• [WHAT TO PRODUCE]: Take the entries below and reproduce exactly the portion that begins at the line containing "Samsung RS24KASW1/CAF manual" and ends at the line containing "Ferrari power proves", keeping both ends, dropping pictures, and adding nothing else.

• [DATA TO EXAMINE]:
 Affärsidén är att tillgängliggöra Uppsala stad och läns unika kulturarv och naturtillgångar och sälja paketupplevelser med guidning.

---

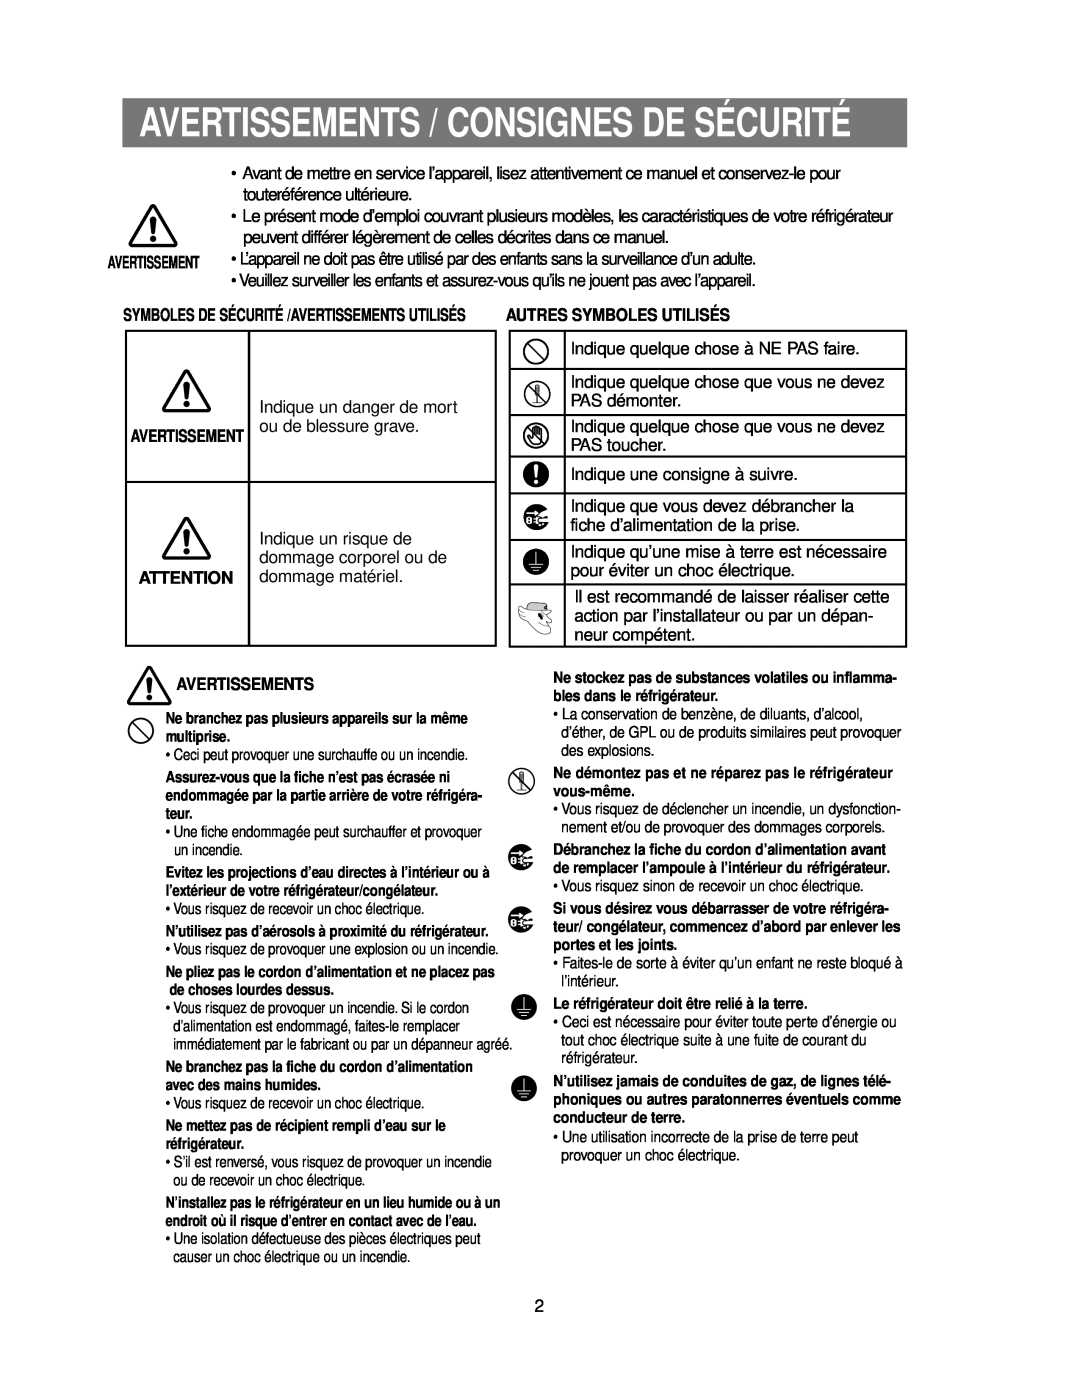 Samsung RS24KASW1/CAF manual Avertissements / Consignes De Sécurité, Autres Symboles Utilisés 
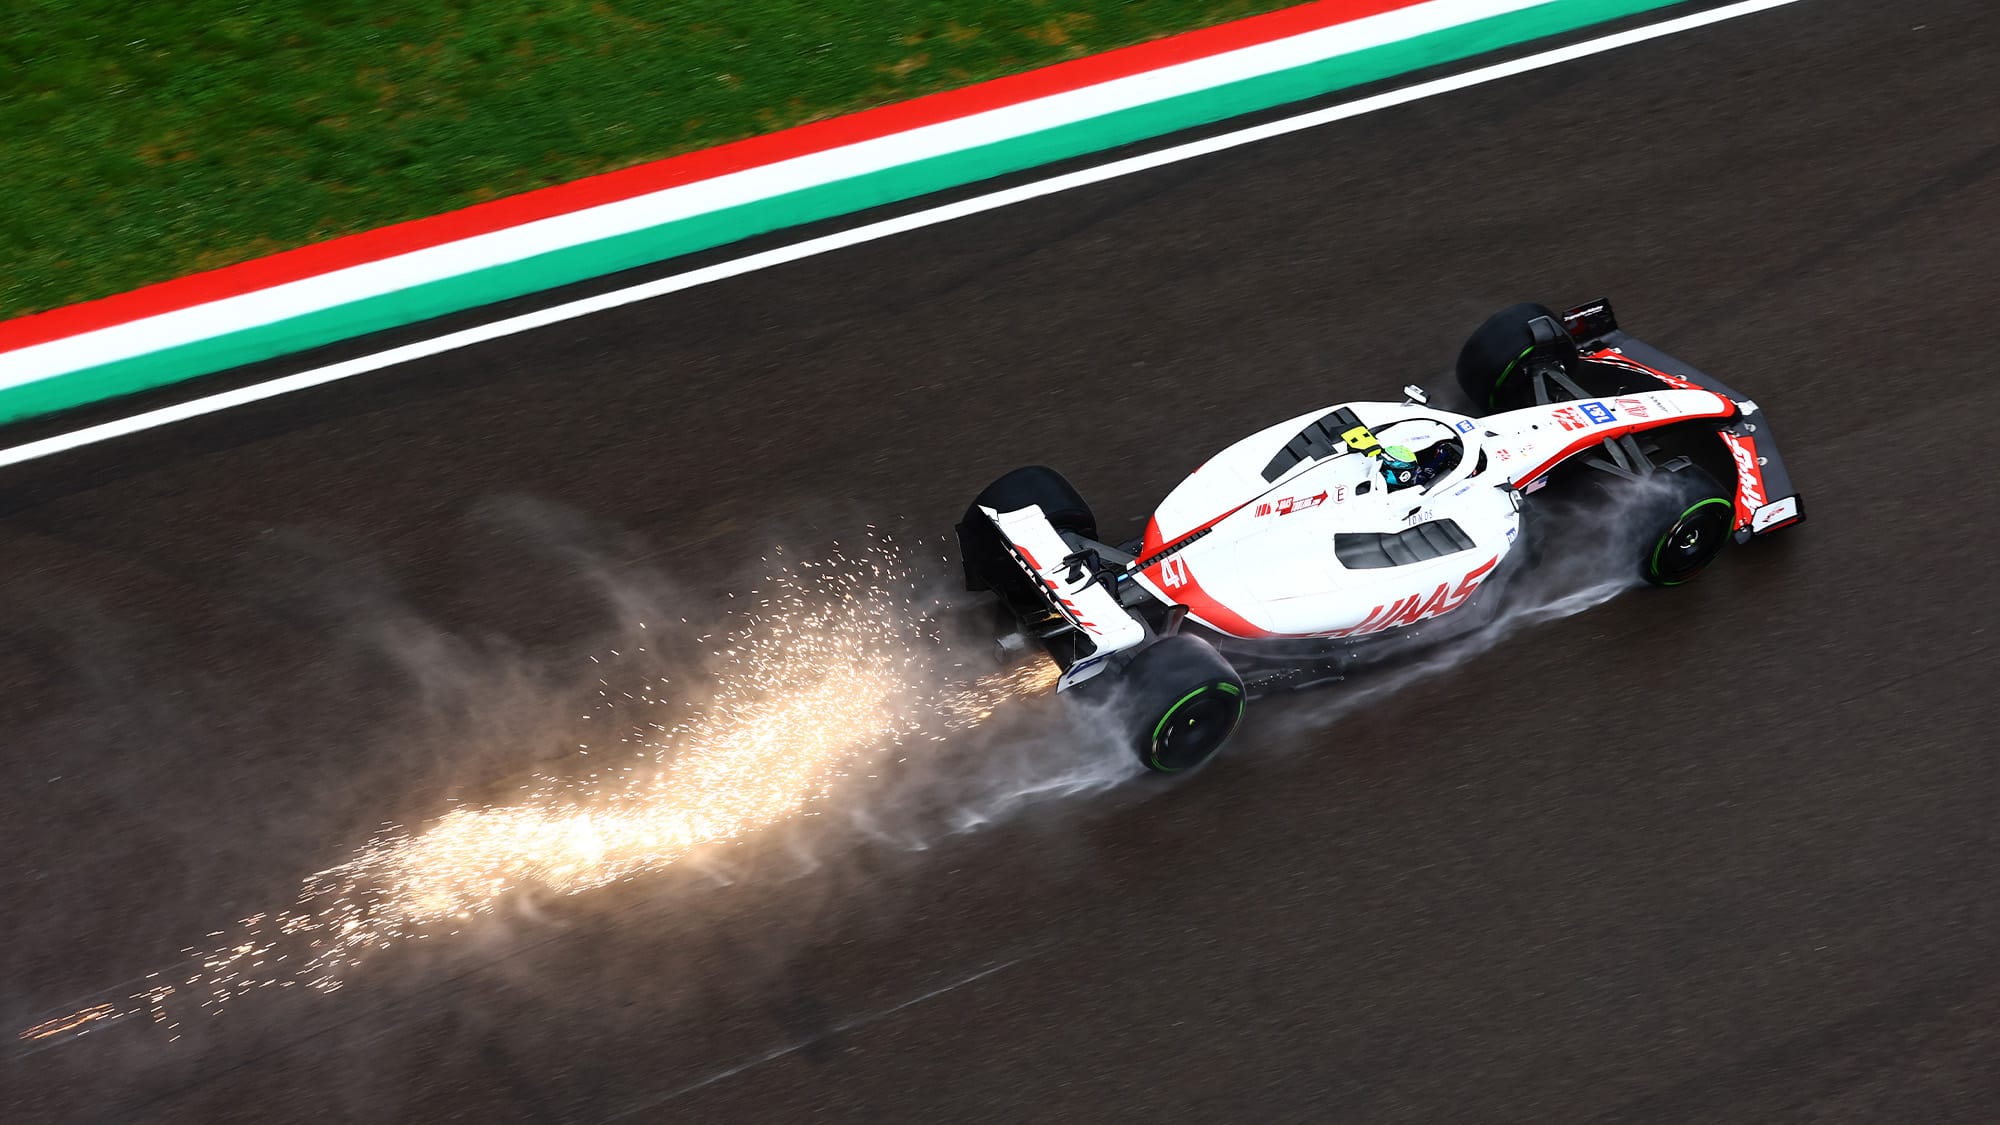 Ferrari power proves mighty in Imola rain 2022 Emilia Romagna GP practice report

• [ANSWER BOX]:
 Samsung RS24KASW1/CAF manual Avertissements / Consignes De Sécurité, Autres Symboles Utilisés 
 Ferrari power proves mighty in Imola rain 2022 Emilia Romagna GP practice report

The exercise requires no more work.